Chen Wai-Hong
Department of Medicine, Division of Cardiology, The University of Hong Kong, Room 1929C, Block K, Queen Mary Hospital, Hong Kong, China.
Curr Cardiol Rep. 2006 Jul;8(4):301-6. doi: 10.1007/s11886-006-0063-5.
Platelets play a pivotal role in the pathophysiology of ischemic complications of atherosclerotic cardiovascular disease. Aspirin and clopidogrel are oral antiplatelet drugs that have been shown to reduce adverse clinical events across the wide spectrum of patients with atherothrombotic disease. However, recurrent ischemic events still occur in a significant proportion of patients despite treatment with these antiplatelet drugs. The concept of antiplatelet resistance therefore emerges. Although uniform definitions and standardized assays are not yet available, numerous studies have documented the interindividual variability in platelet responsiveness to oral antiplatelet drugs. Evidence is also accumulating to demonstrate that hyporesponsiveness to antiplatelet drugs in the laboratory (ie, resistance) is associated with adverse clinical events in different patient populations. Clinical application of antiplatelet resistance will require proof from prospective randomized trials that modifications of antiplatelet therapy based on tests of antiplatelet responsiveness will improve the outcomes of patients with antiplatelet resistance.

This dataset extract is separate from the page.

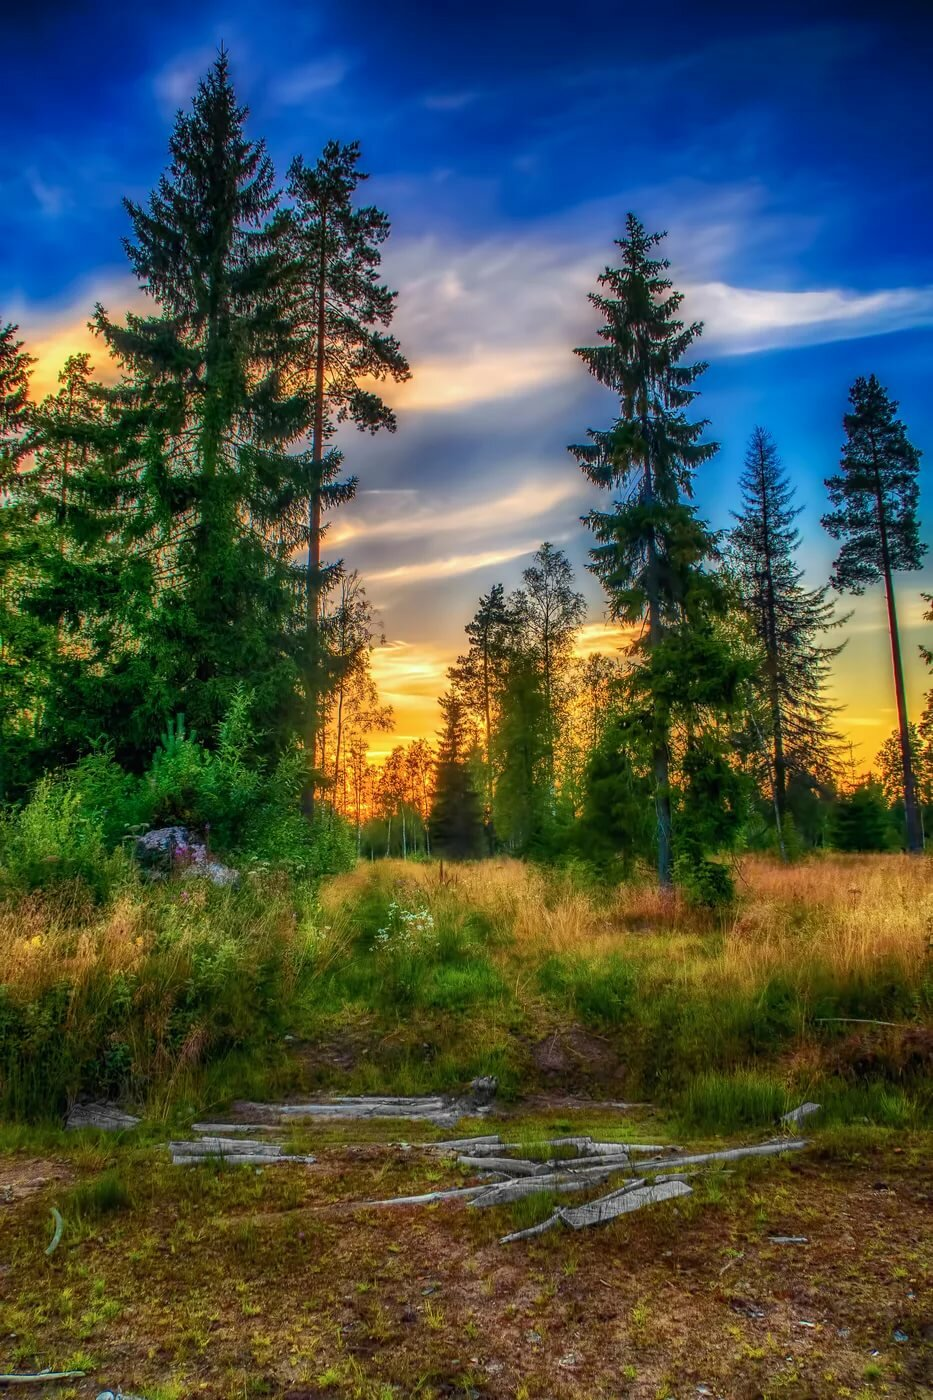 ресторане картинка красивого заката в лесу вас интересуют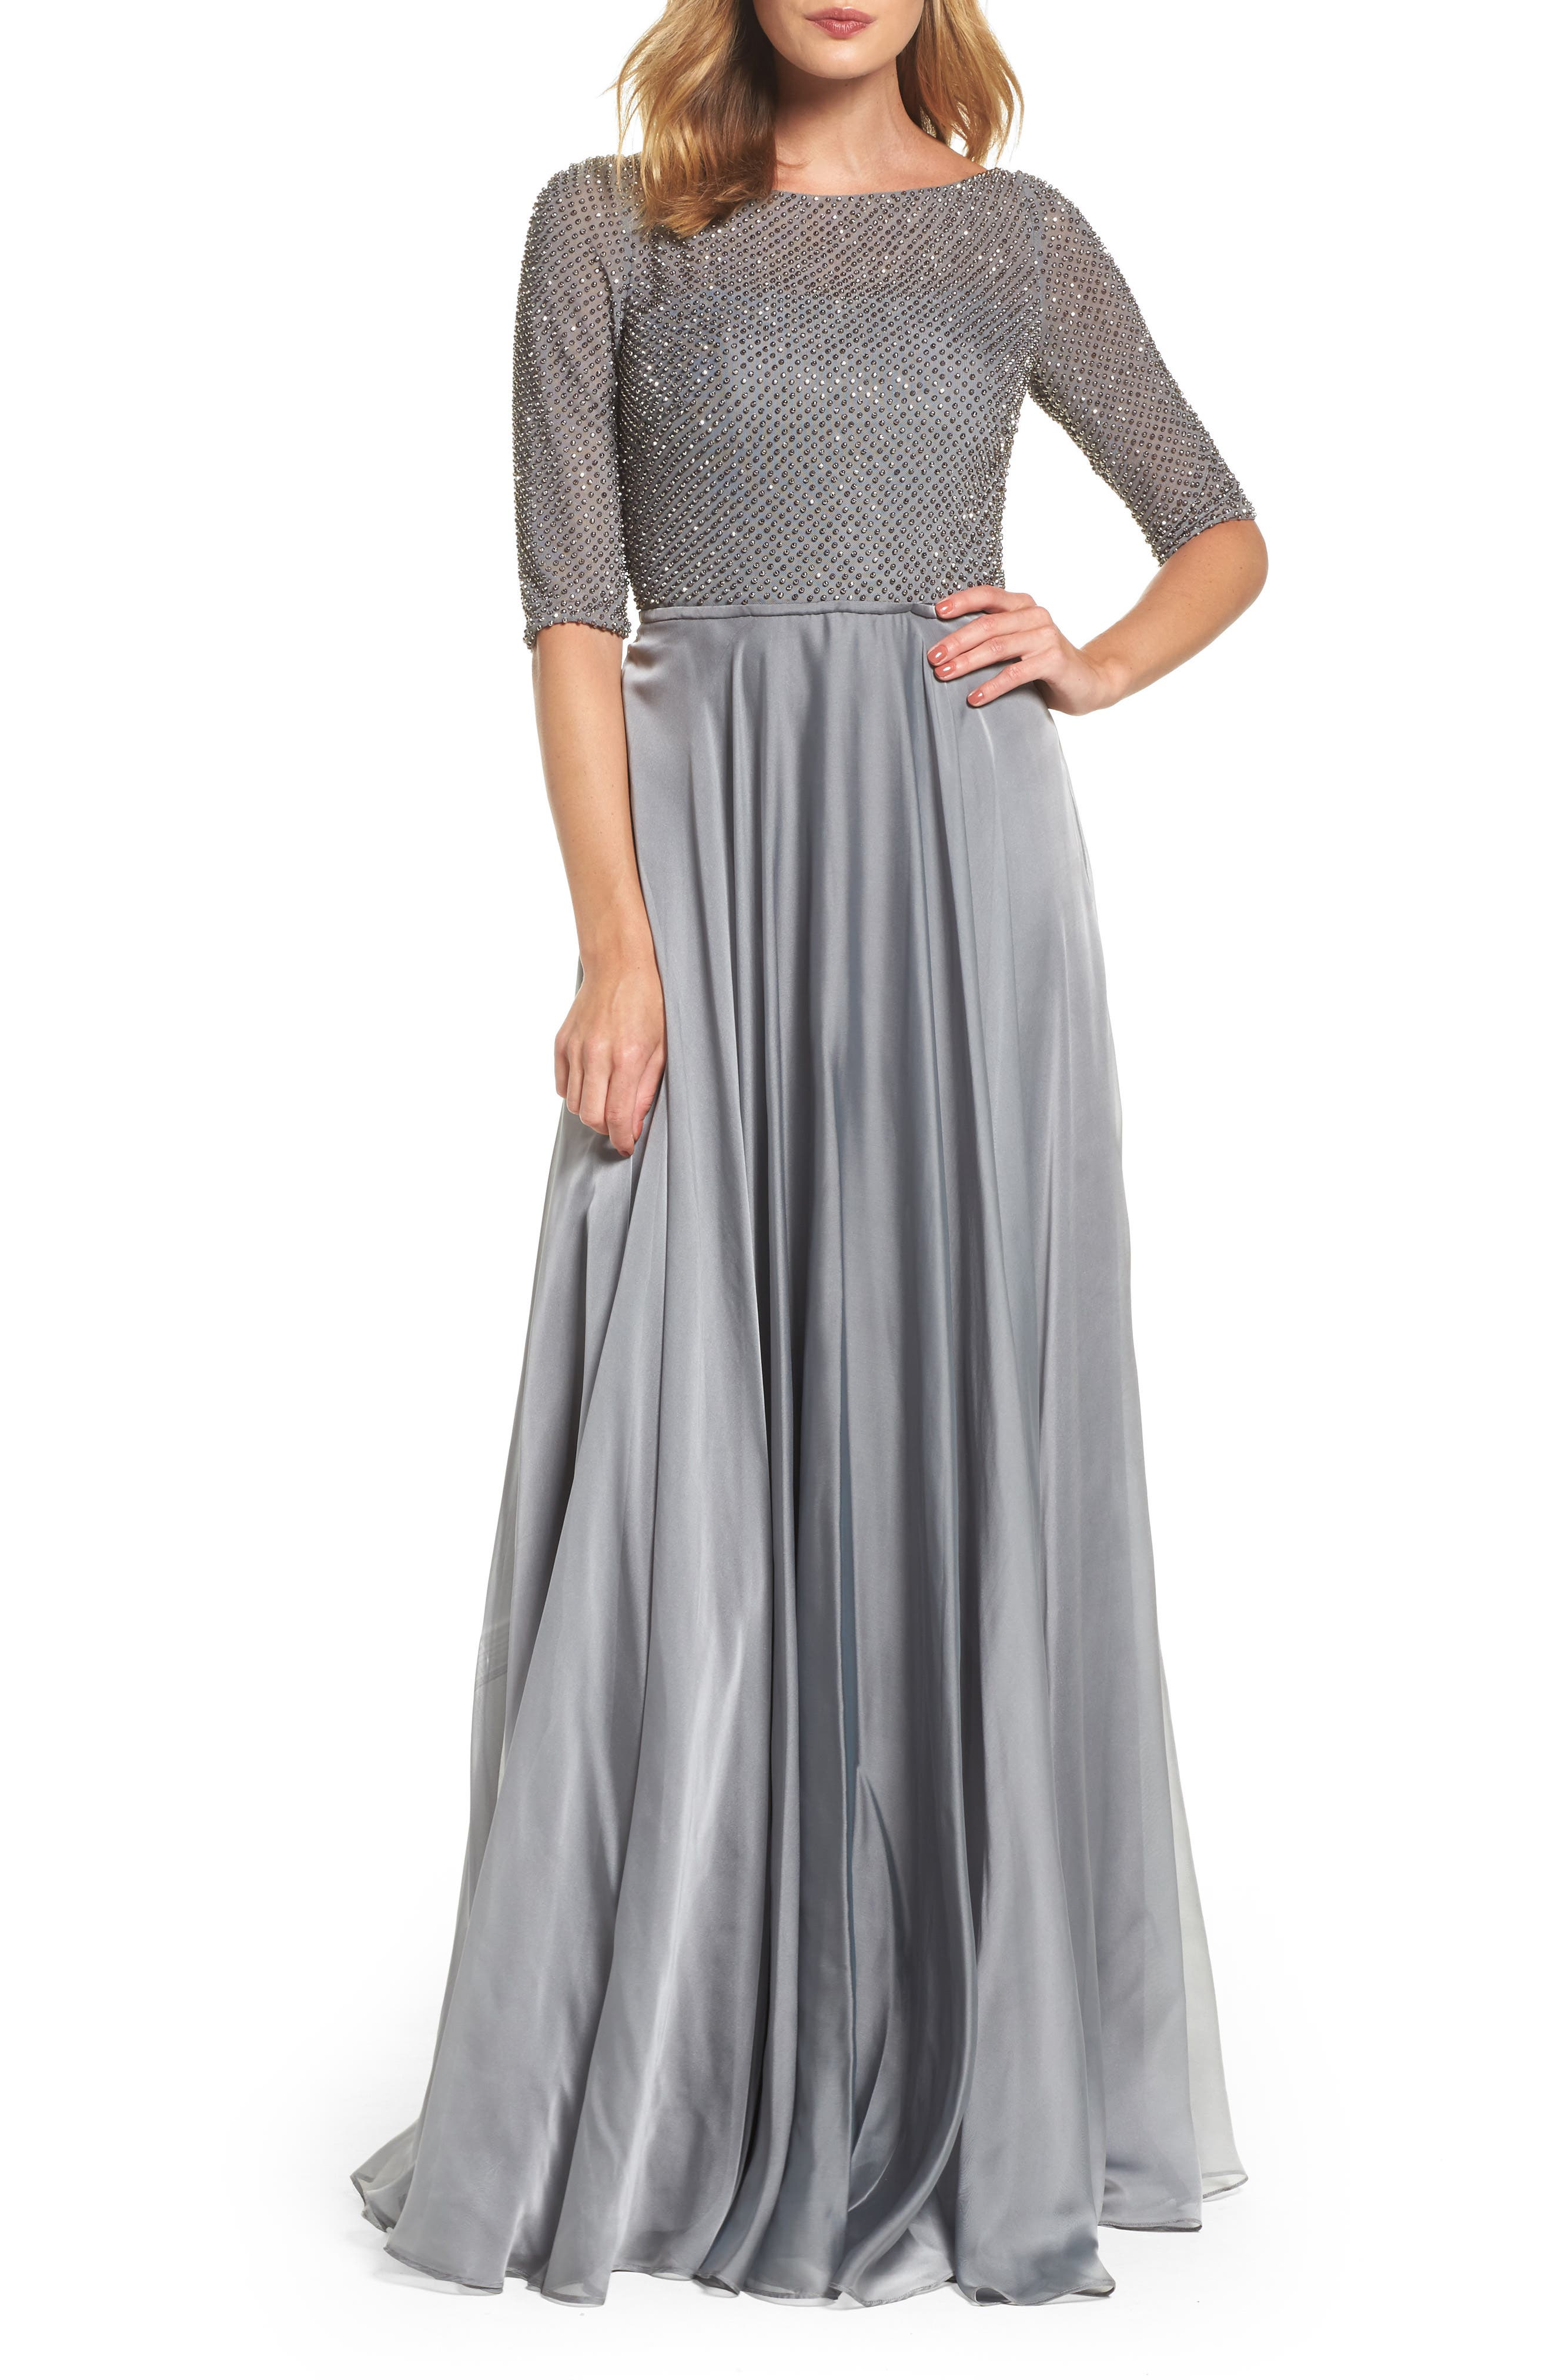 La Femme Embellished Bodice Gown, Metallic

血小板在动脉粥样硬化性心血管疾病缺血性并发症的病理生理学中起关键作用。阿司匹林和氯吡格雷是口服抗血小板药物,已被证明可减少各类动脉粥样硬化血栓形成疾病患者的不良临床事件。然而,尽管使用了这些抗血小板药物,仍有相当比例的患者发生复发性缺血事件。因此出现了抗血小板抵抗的概念。虽然尚未有统一的定义和标准化检测方法,但大量研究记录了血小板对口服抗血小板药物反应性的个体差异。越来越多的证据表明,实验室中对抗血小板药物反应低下(即抵抗)与不同患者群体的不良临床事件相关。抗血小板抵抗的临床应用需要前瞻性随机试验的证据,即基于抗血小板反应性检测来调整抗血小板治疗将改善抗血小板抵抗患者的预后。